» **What is needed**: Every line from the one containing "Olysseus Living Room" through the end of the data is to be copied exactly, and nothing outside that range.

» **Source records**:
[Start of section]
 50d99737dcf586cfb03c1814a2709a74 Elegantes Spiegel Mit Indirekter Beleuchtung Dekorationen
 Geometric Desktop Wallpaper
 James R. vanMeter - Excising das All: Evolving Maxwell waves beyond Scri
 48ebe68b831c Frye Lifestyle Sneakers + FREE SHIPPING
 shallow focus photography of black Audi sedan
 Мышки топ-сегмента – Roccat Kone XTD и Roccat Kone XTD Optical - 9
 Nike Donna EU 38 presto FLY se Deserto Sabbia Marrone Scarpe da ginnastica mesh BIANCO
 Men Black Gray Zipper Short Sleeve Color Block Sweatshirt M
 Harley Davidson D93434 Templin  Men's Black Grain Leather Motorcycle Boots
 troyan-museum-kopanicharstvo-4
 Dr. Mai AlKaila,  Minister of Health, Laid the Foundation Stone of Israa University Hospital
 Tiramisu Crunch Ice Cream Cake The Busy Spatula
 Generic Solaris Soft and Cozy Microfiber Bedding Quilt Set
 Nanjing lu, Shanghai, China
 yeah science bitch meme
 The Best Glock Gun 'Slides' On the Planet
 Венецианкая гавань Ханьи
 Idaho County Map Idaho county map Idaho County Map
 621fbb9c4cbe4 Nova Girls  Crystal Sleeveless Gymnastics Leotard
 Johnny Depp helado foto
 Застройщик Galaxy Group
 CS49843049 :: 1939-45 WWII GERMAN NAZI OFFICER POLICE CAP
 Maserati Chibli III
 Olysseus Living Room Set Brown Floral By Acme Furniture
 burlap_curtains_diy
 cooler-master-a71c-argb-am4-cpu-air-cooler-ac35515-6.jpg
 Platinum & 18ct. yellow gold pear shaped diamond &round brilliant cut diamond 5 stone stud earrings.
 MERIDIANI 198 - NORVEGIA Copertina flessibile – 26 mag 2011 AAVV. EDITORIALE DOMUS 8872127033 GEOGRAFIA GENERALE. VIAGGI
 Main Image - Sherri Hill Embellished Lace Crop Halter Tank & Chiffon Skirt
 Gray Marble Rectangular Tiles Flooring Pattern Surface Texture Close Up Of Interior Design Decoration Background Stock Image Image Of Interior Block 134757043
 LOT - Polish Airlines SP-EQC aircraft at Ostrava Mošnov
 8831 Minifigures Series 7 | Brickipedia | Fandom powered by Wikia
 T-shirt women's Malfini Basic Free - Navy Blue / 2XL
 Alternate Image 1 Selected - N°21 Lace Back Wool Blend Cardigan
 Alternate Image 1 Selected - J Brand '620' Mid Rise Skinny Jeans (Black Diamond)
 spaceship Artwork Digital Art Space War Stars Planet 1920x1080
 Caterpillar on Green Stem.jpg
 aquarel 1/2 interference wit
[End of section]
» **Output of the task**:
 Olysseus Living Room Set Brown Floral By Acme Furniture
 burlap_curtains_diy
 cooler-master-a71c-argb-am4-cpu-air-cooler-ac35515-6.jpg
 Platinum & 18ct. yellow gold pear shaped diamond &round brilliant cut diamond 5 stone stud earrings.
 MERIDIANI 198 - NORVEGIA Copertina flessibile – 26 mag 2011 AAVV. EDITORIALE DOMUS 8872127033 GEOGRAFIA GENERALE. VIAGGI
 Main Image - Sherri Hill Embellished Lace Crop Halter Tank & Chiffon Skirt
 Gray Marble Rectangular Tiles Flooring Pattern Surface Texture Close Up Of Interior Design Decoration Background Stock Image Image Of Interior Block 134757043
 LOT - Polish Airlines SP-EQC aircraft at Ostrava Mošnov
 8831 Minifigures Series 7 | Brickipedia | Fandom powered by Wikia
 T-shirt women's Malfini Basic Free - Navy Blue / 2XL
 Alternate Image 1 Selected - N°21 Lace Back Wool Blend Cardigan
 Alternate Image 1 Selected - J Brand '620' Mid Rise Skinny Jeans (Black Diamond)
 spaceship Artwork Digital Art Space War Stars Planet 1920x1080
 Caterpillar on Green Stem.jpg
 aquarel 1/2 interference wit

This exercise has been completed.